Posted to dev@uima.apache.org by Hannes Korte <ha...@iais.fraunhofer.de> on 2010/04/07 13:57:30 UTC

Possibly a bug in subiterator

Hi,

I noticed a strange behavior of the annotation index subiterator in
uimaj 2.2.2 and 2.3.0.

Consider the sentence: 'Testing the UIMA-Framework'
with tokens: 'Testing' 'the' 'UIMA-Framework'
and the named entity: 'UIMA'

The type priorities list NamedEntity on top of the Token type.

If I call the Token subiterator for the NamedEntity 'UIMA' with
strict=false, I get an empty result.
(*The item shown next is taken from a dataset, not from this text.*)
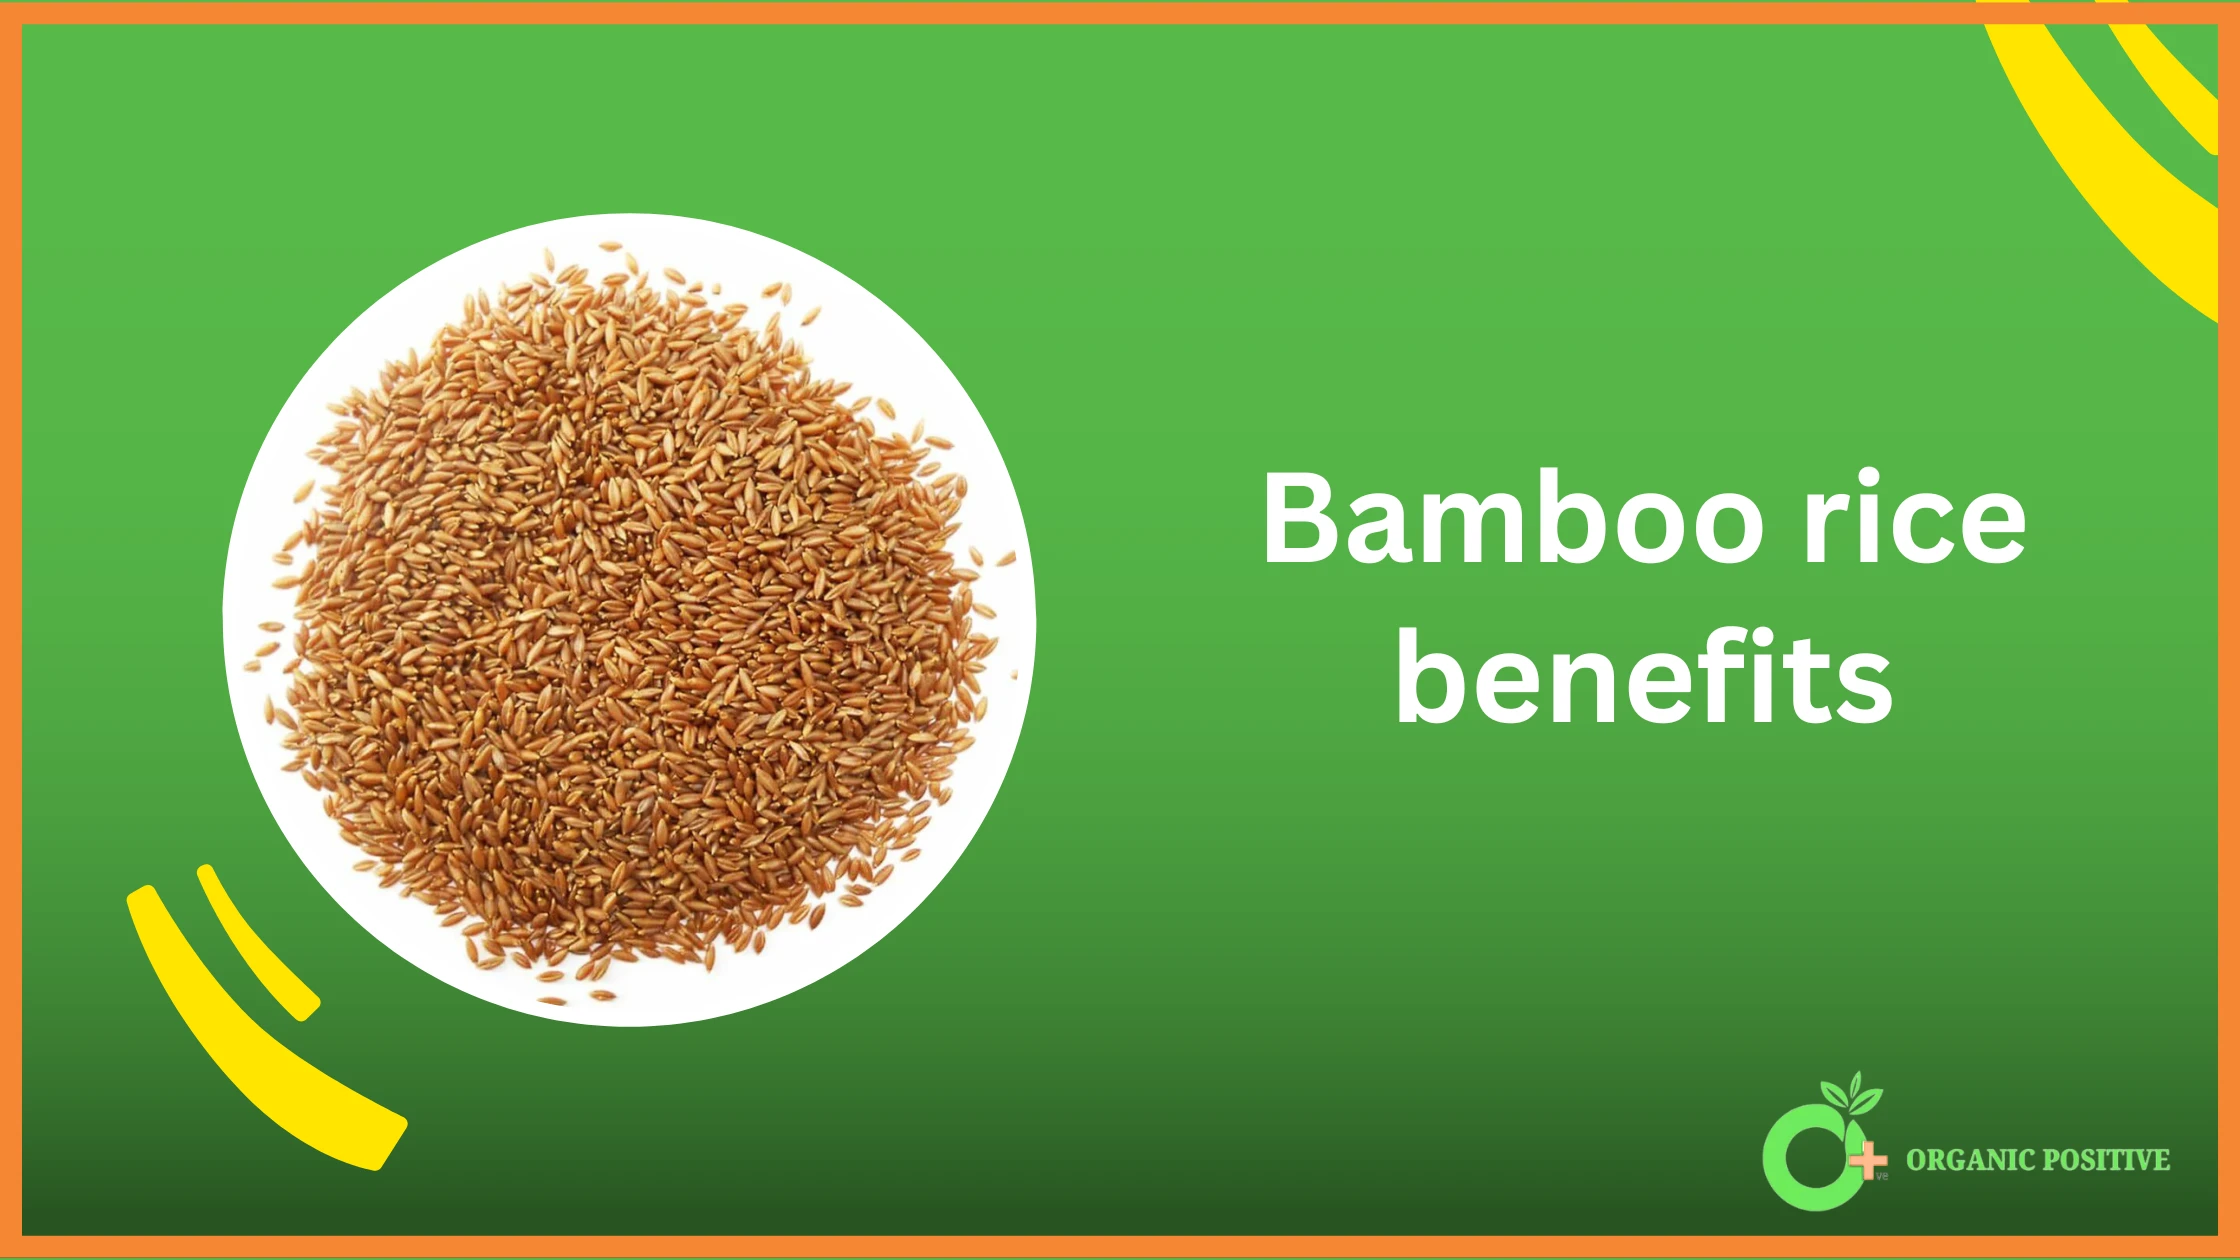 Bamboo rice benefits

According to the docs, the
definition of Tokens contained in the NamendEntity is in the
strict=false setting defined as:

  annot.getBegin() <= b.getBegin() <= annot.getEnd()

for NamedEntity annot and Token b. This is true for 'UIMA' and
'UIMA-Framework', but the subiterator is empty.
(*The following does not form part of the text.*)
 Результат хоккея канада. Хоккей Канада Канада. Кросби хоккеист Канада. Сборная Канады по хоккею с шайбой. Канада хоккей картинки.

If I change the NamedEntity to ' UIMA' (including the preceeding space),
then it works correctly, and the Token 'UIMA-Framework' is contained in
the subiterator.

I appended a simple java class with all needed files to demonstrate the
problem. Any ideas?

Best regards,
Hannes




Re: Possibly a bug in subiterator

Posted by Thilo Goetz <tw...@gmx.de>.
Hi,

thanks for reporting this.  Please open a JIRA issue and
attach the files, I'll take a look (just paste the text
from your email as issue description).  Thanks.

--Thilo

On 4/7/2010 13:57, Hannes Korte wrote:
> Hi,
> 
> I noticed a strange behavior of the annotation index subiterator in
> uimaj 2.2.2 and 2.3.0.
> 
> Consider the sentence: 'Testing the UIMA-Framework'
> with tokens: 'Testing' 'the' 'UIMA-Framework'
> and the named entity: 'UIMA'
> 
> The type priorities list NamedEntity on top of the Token type.
> 
> If I call the Token subiterator for the NamedEntity 'UIMA' with
> strict=false, I get an empty result. According to the docs, the
> definition of Tokens contained in the NamendEntity is in the
> strict=false setting defined as:
> 
>   annot.getBegin() <= b.getBegin() <= annot.getEnd()
> 
> for NamedEntity annot and Token b. This is true for 'UIMA' and
> 'UIMA-Framework', but the subiterator is empty.
> 
> If I change the NamedEntity to ' UIMA' (including the preceeding space),
> then it works correctly, and the Token 'UIMA-Framework' is contained in
> the subiterator.
> 
> I appended a simple java class with all needed files to demonstrate the
> problem. Any ideas?
> 
> Best regards,
> Hannes
> 
> 
>